Every line of the material below needs to be copied exactly; omit the pictures.
--- Available data Enclosed Below ---
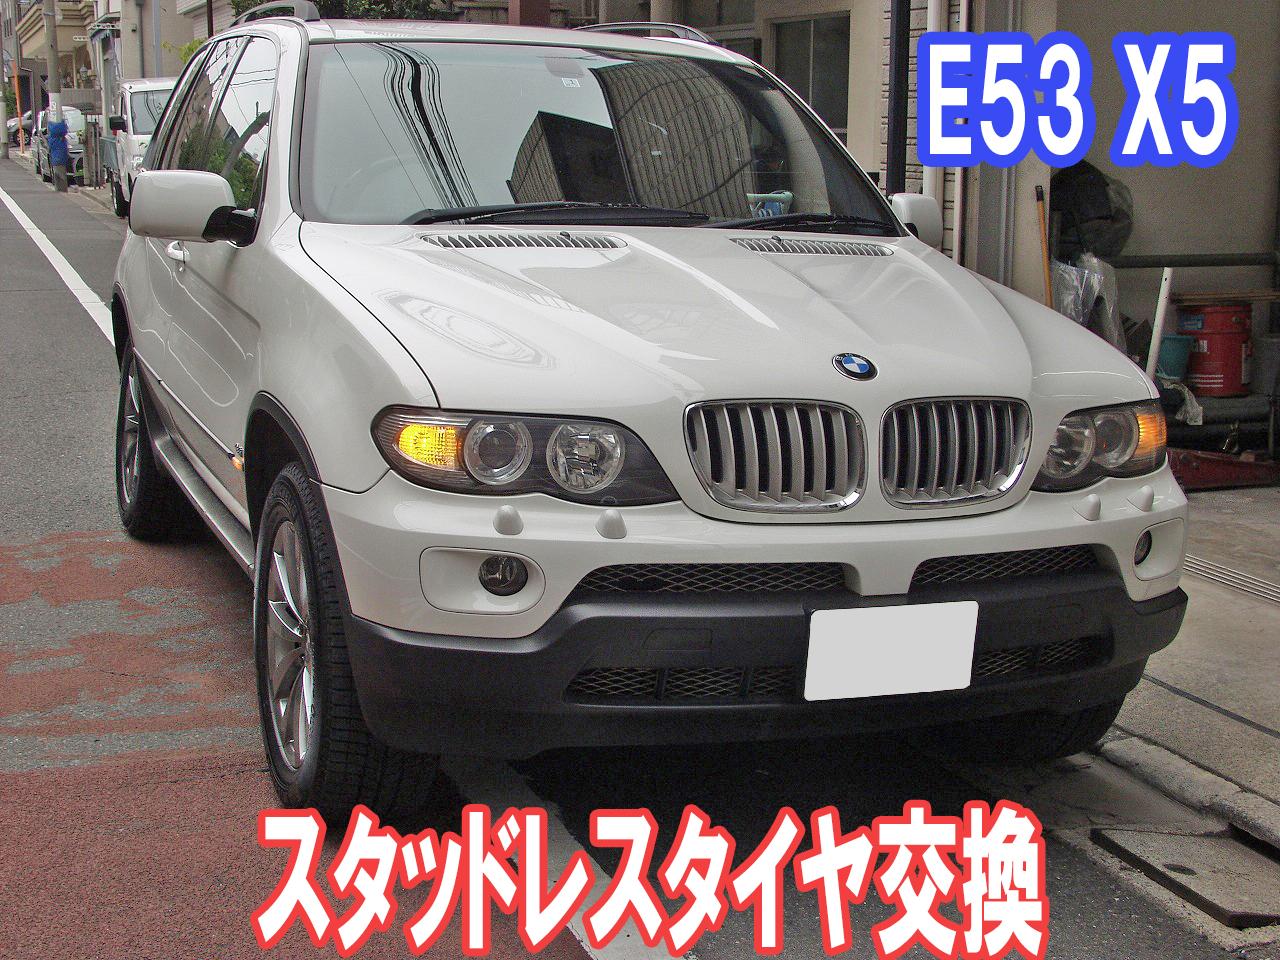 BMW E53 X5 スタッドレスタイヤ交換画像
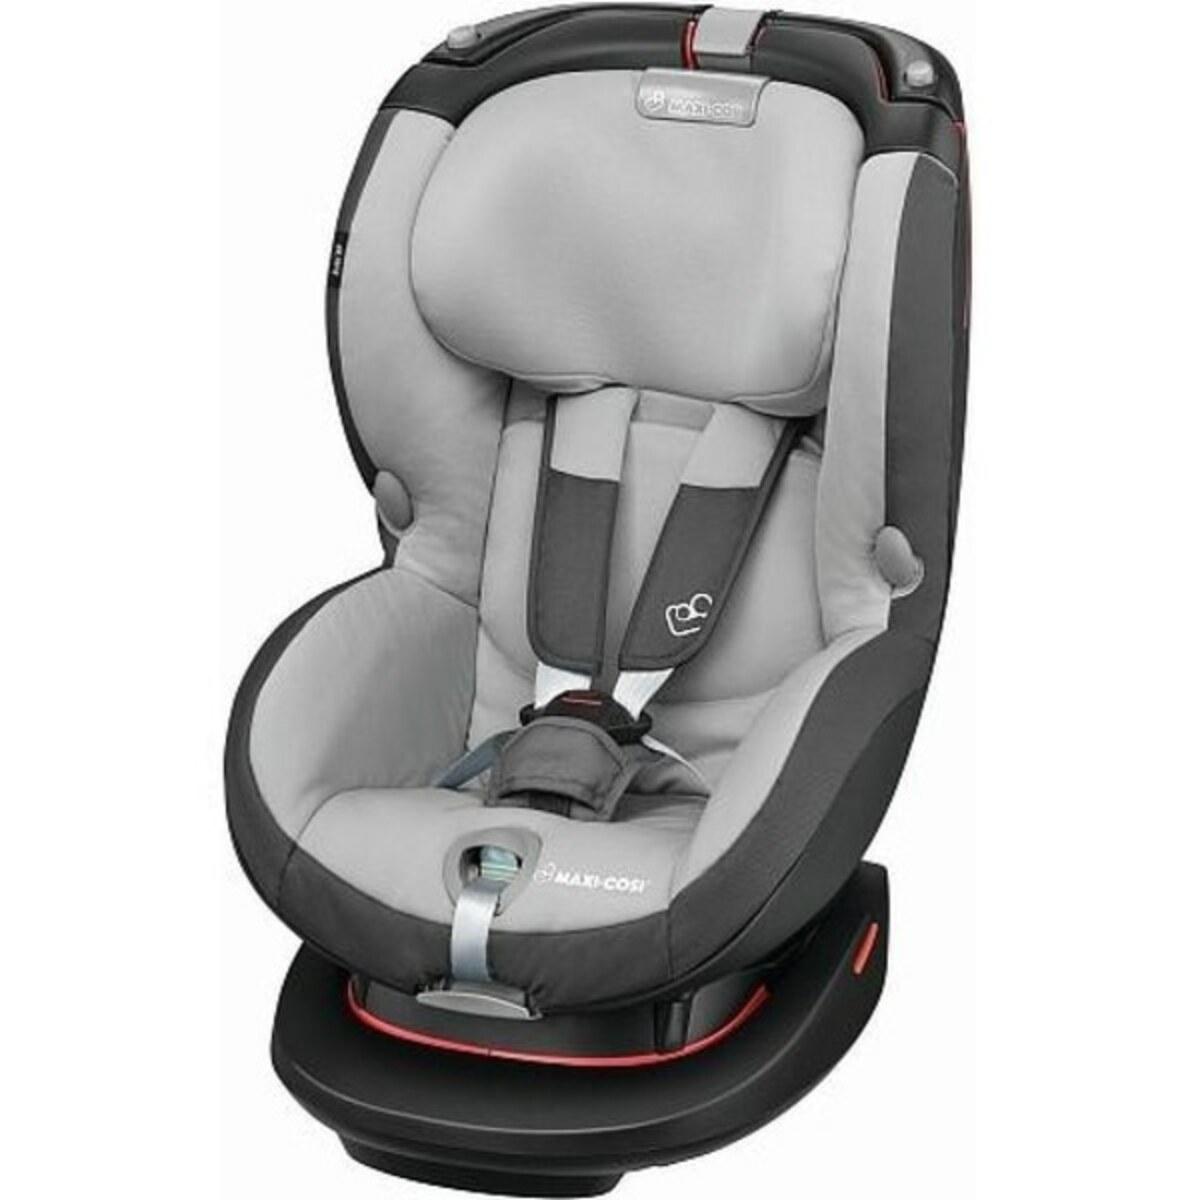 Bild 1 von Maxi-Cosi - Kindersitz Rubi XP, Dawn Grey
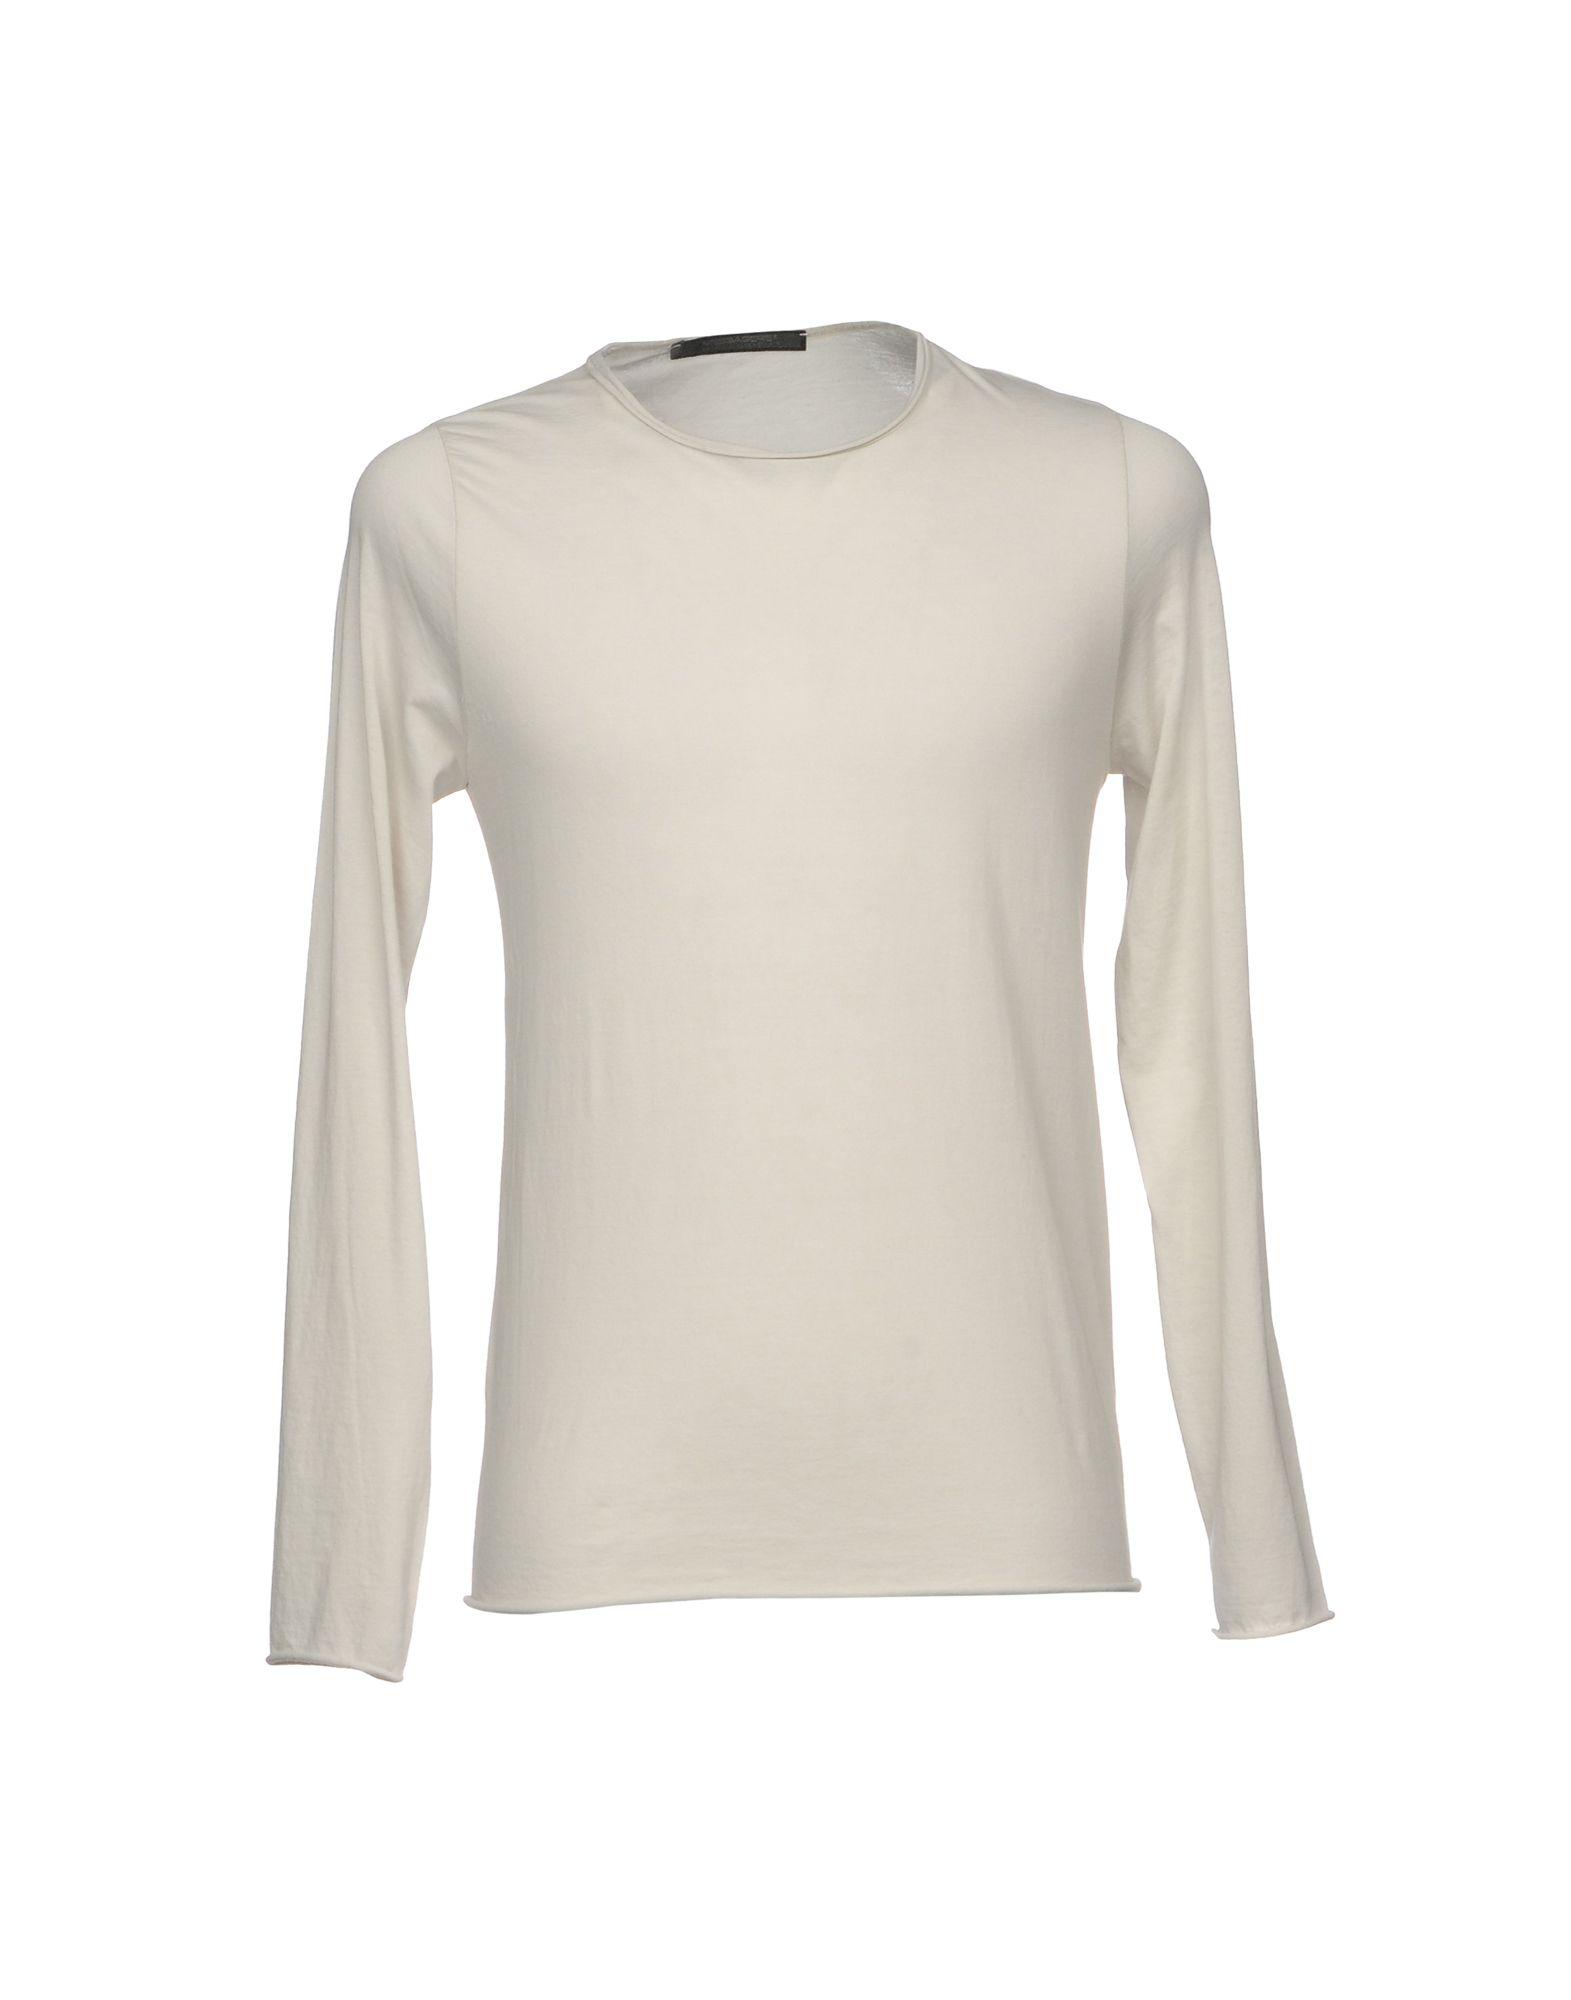 A buon mercato A buon mercato T-Shirt Messagerie Uomo Uomo Messagerie - 12092465VN 3f3aab
--- End of Enclosed Available data ---
● Exercise answer
 BMW E53 X5 スタッドレスタイヤ交換画像
 Bild 1 von Maxi-Cosi - Kindersitz Rubi XP, Dawn Grey
 A buon mercato A buon mercato T-Shirt Messagerie Uomo Uomo Messagerie - 12092465VN 3f3aab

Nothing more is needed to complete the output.